Good summer reading: Fate’s Bookie

hicks2009Now when it’s summer vacation I spend much time outdoors fishing and boating. But in the recent days when it has been raining, I’ve read an interesting and entertaining book about gambling that I recommend to you all:

Fate’s Bookie: How the Lottery Shaped the World, by Gary Hicks (2009; The History Press).

The book is about the history of lotteries, from ancient times up to today, with a focus on England. Many remarkable stories of lotteries are told. Even you who have read much about the history of gambling will certainly find something new here. Examples of the topics covered are:

  • In antiquity, German youth were by the Romans said to have been so obsessed by dice gambling that some of them, when they had lost all their possessions, staked themselves as slaves for a period of time.
  • In the 1660th there was in England a lottery to help pay the ransoms of Britons enslaved by Barbary pirates in North Africa.
  • In the 1860th there was a Papal lottery in Rome.
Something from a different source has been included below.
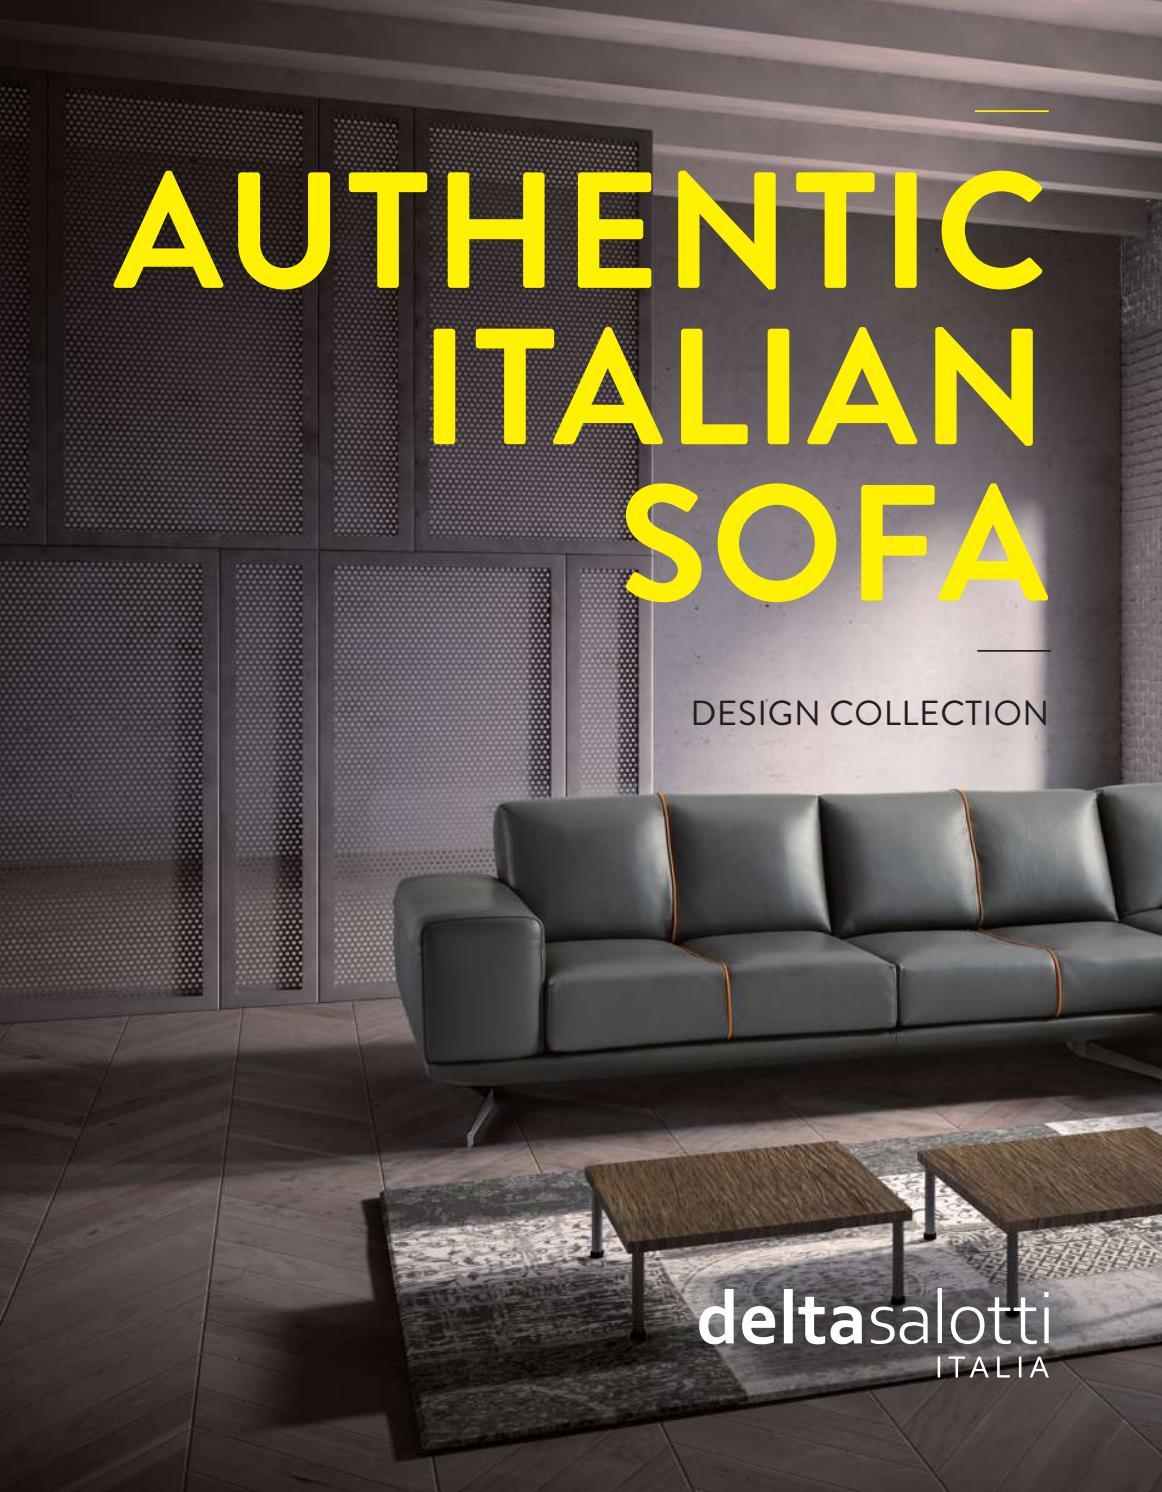 Delta Salotti Opinioni.Delta Salotti Catalogue 2015 By Dexterton Issuu
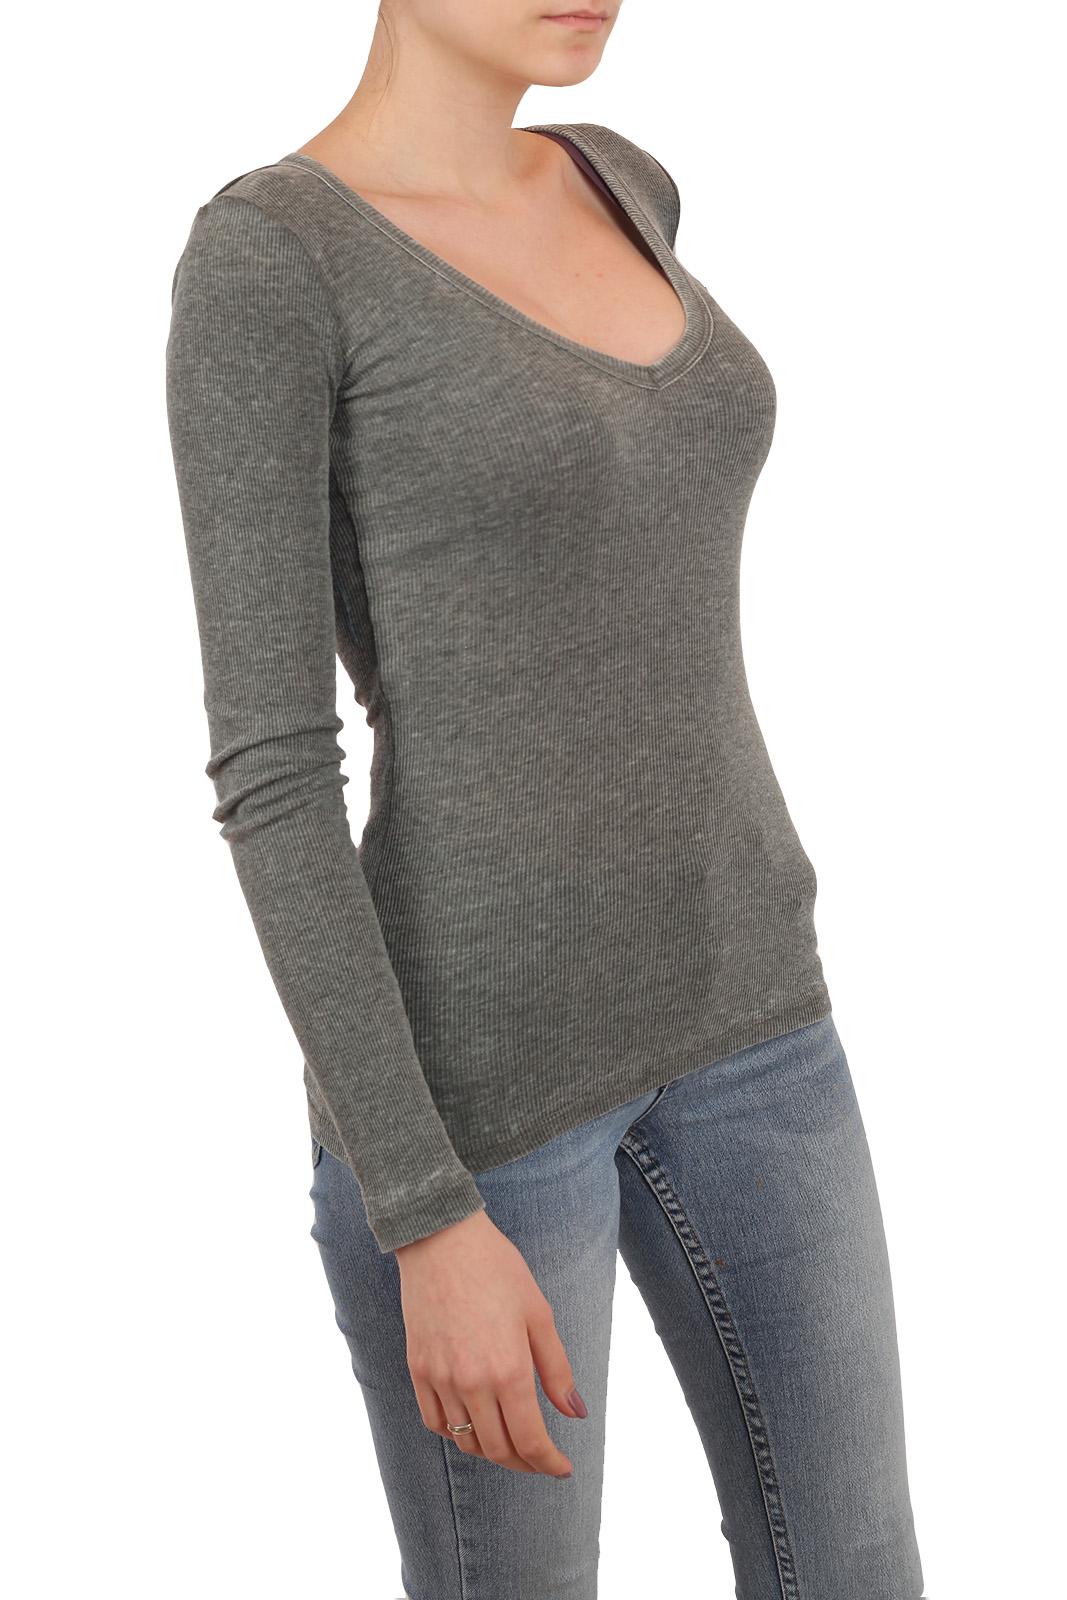 Женская кофта Cotton on мелкой машинной вязки. Для создания любого образа: городской романтик, старт кэжуал или деловой стиль

A crowd assembled in the Piazza Madonna when the winning numbers were announced, some people holding a crucifix in one hand and their lottery ticket in the other.
  • Although today considered a quite harmless form of gambling, lotteries have in the past caused much social harm among the poor who desperately hoped for a win.
  • Many examples are given of ruthless lottery scams, which show the need for the regulation of gambling.
  • Lotteries have in many societies and since antiquity been used for political and administrative decision making.

And there are many more interesting things to read in this book!